Example 2-4. A CVS operation in XML

 <?xml version="1.0"?> <checkin xmlns="CVS-Schema.xsd">   <module>perl-web-examples</module>   <credentials><pserver>...</pserver></credentials>   <file>perl/server.pl</file>   <code code.language="Perl" comment.language="en-US">     # The Perl code would go here   </code> </checkin>

Both the code and checkin elements are declared at the top level, making them global definitions. The type declarations that define the elements are also global. The type that defines the code.language attribute, programming.lang , is defined as an enumeration. This means that "perl" would not have been acceptable as a value for the attribute.

Note the nesting that takes place around the definition of the credentials element: the content of this element will be one of an element called pserver that contains a string or a sequence of two elements ( name and password , both strings). Using the choice construct here also contributes to future flexibility: if the set of choices is extended to include SSH (Secure SHell) key information or digest-authentication tokens, the existing choices are still valid in all the documents that already exist.

2.3.3 XML Schema in SOAP and Related Areas

XML Schema is important not just because of the momentum it has in the effort to replace the DTD. The SOAP specification uses basic datatypes from the schema specifications. Service descriptions written using WSDL relegate the description of datatypes to an external application without specifying a specific one. In practice, though, XML Schema is the dialect of choice for WSDL type detail. Even the basic types in XML-RPC are based on the same precursor documents that led to XML Schema, such as the XML Data specification.

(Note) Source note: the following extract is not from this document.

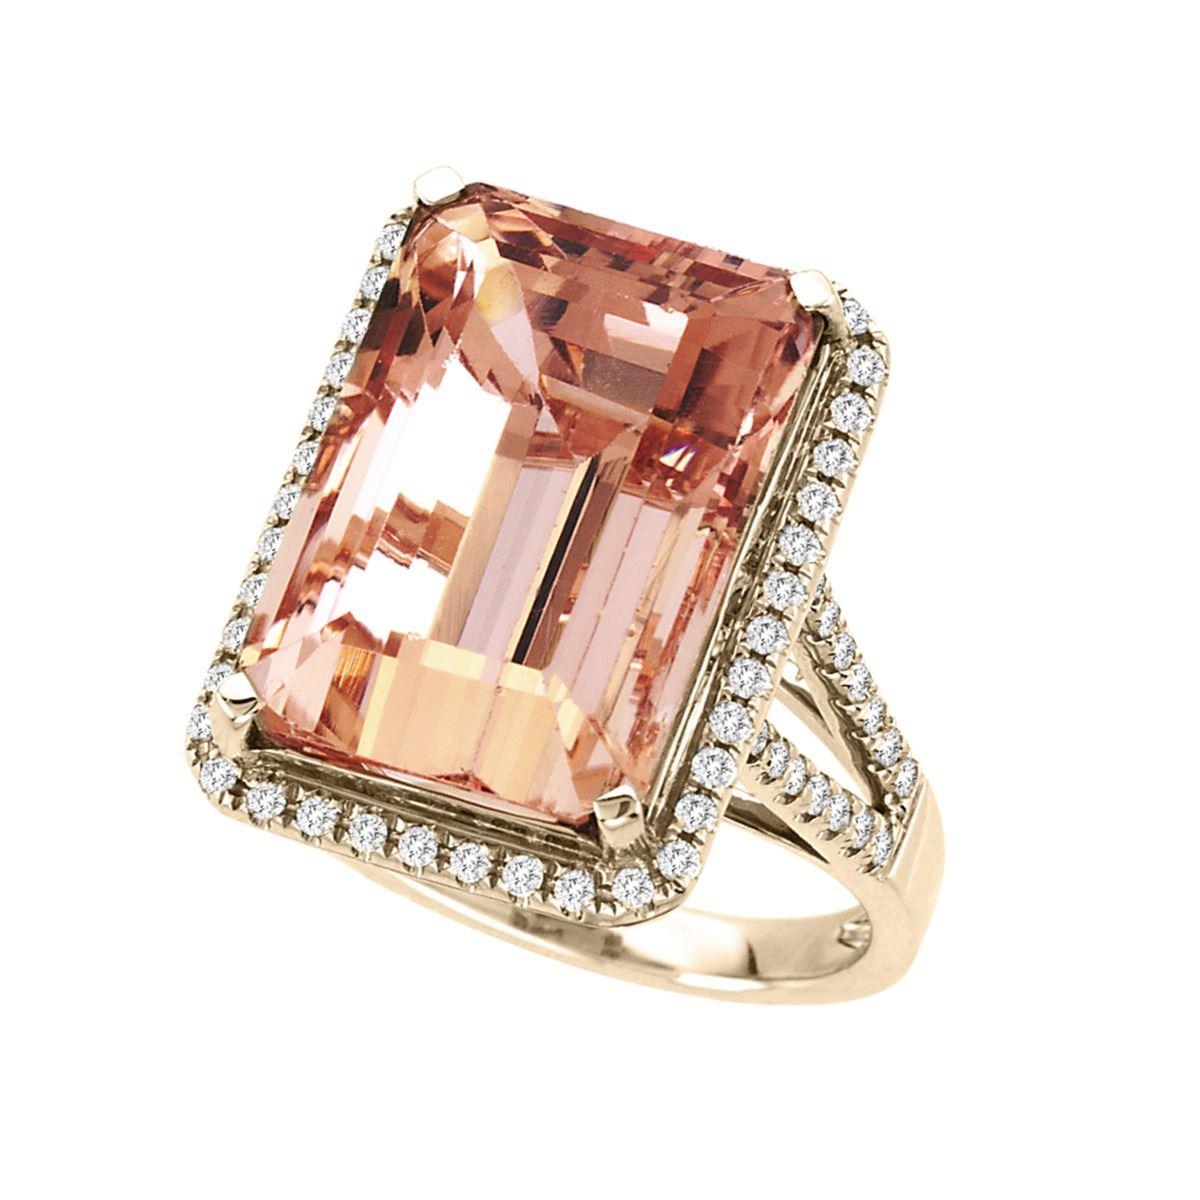 15 CARAT MORGANITE & DIAMOND RING

Fortunately, the core elements of schema declarations tend to be clear and self-explanatory. The specification also allows for a documentation element, called annotation , to be present at almost all levels of a schema document. ^[4] While there are a lot of pieces to the schema puzzle that aren't covered here, the basics that were presented should help you through the majority of schemas in general, and a good part of the structure of more complex schemas (even if repeated referencing of the W3C specifications are necessary).

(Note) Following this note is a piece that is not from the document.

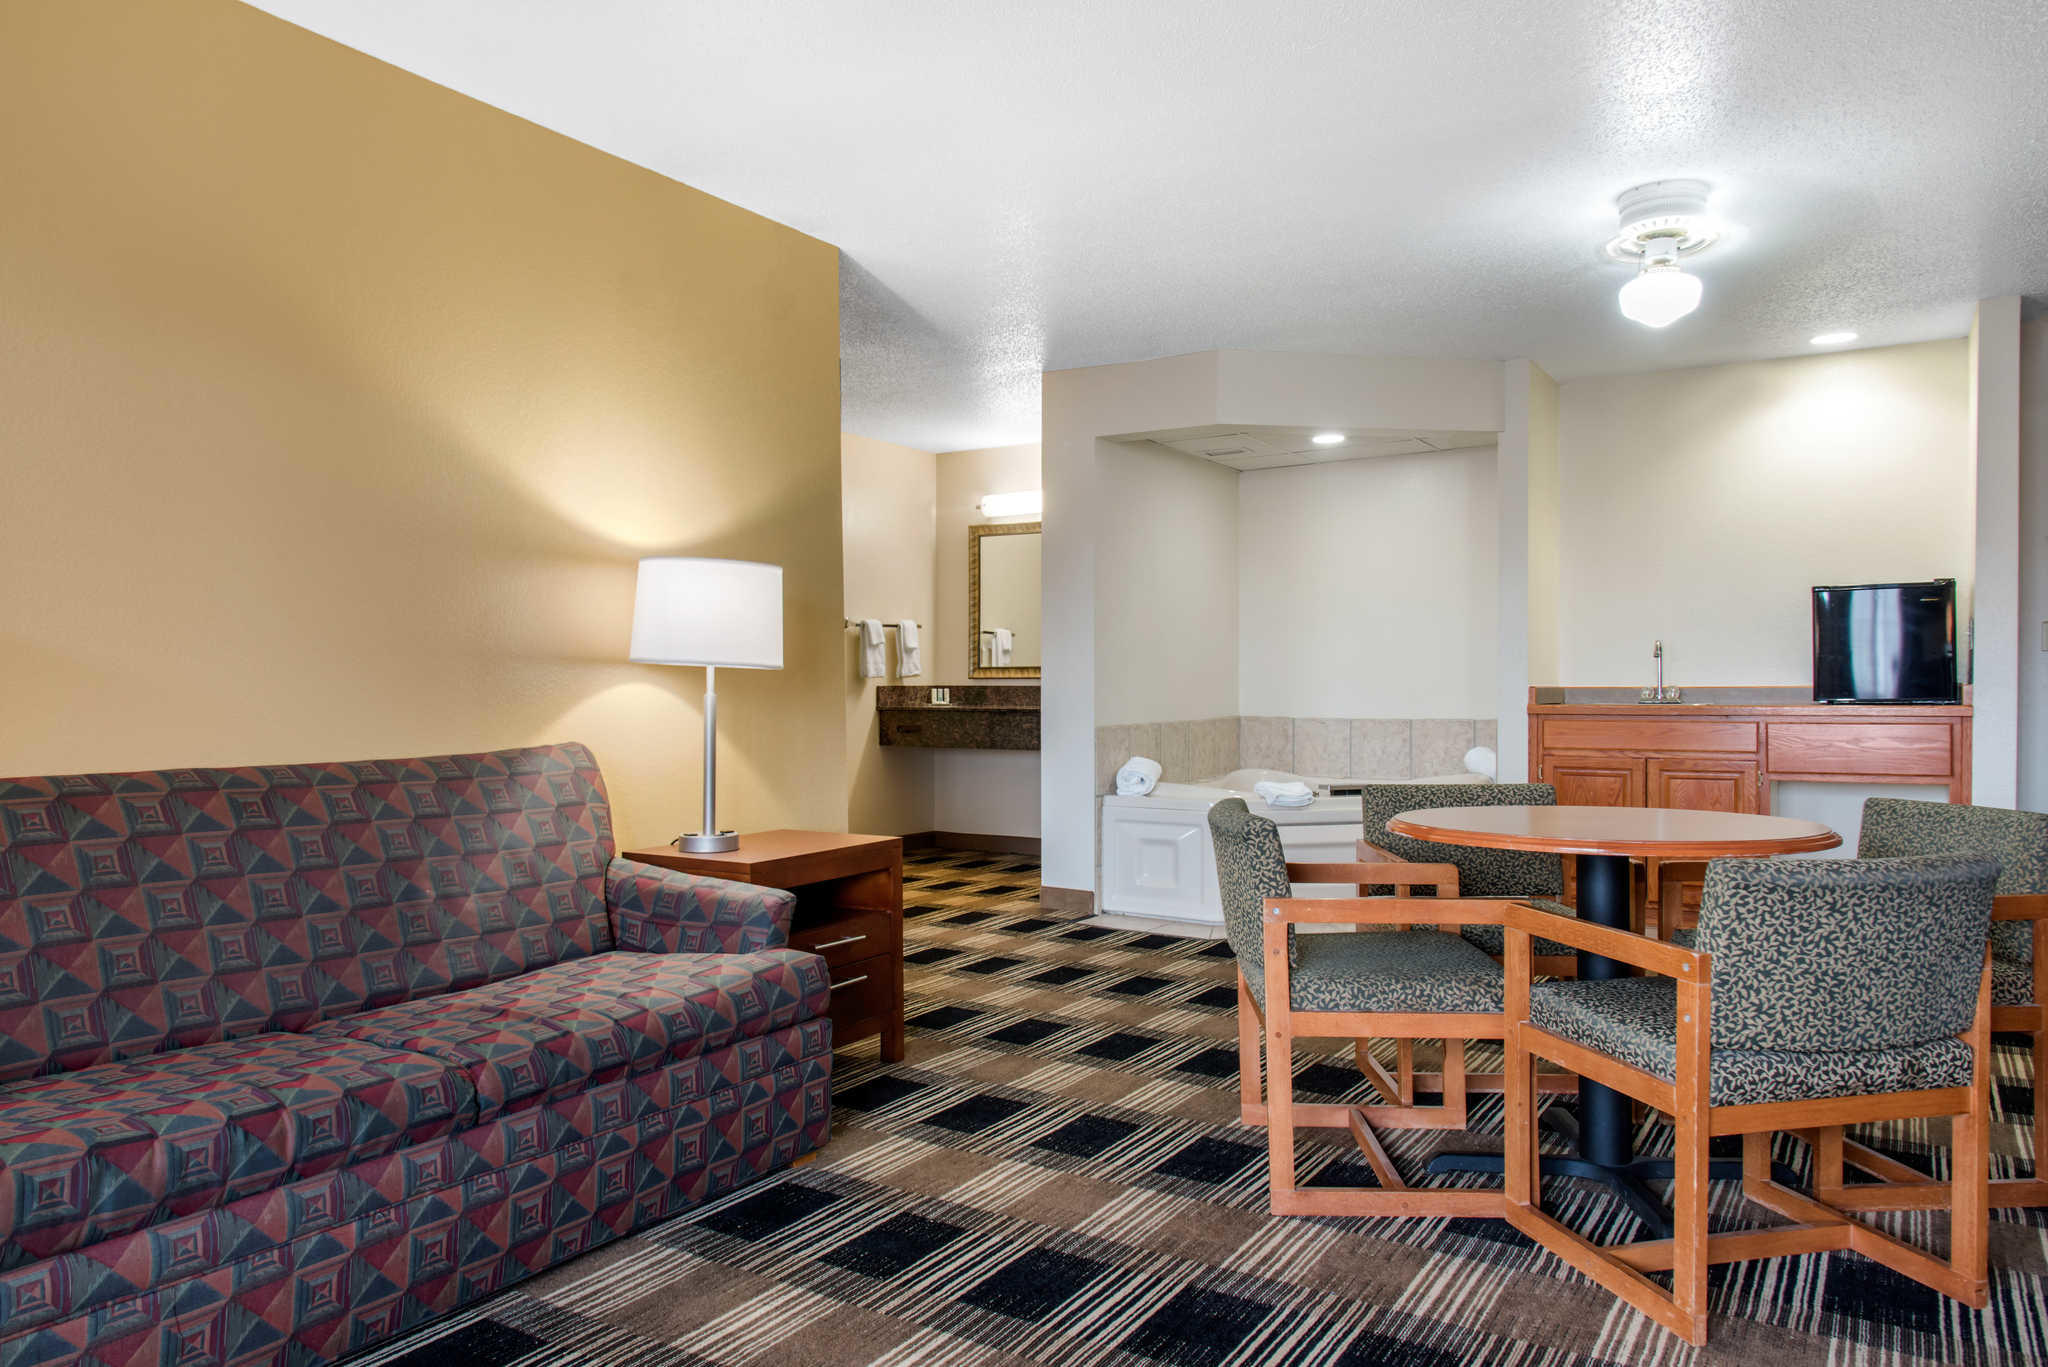 Quality Inn image 25

^[4] Subject, of course, to the limited inclination of developers to comment their code.

Schemas aren't limited to SOAP and WSDL in their use. More and more, XML applications are being defined in terms of schema rather than DTD. The Electronic Business XML (ebXML) initiative, an alternative approach to web services (in place of SOAP) between businesses, uses multiple schema documents to define the structure of its multitiered architecture.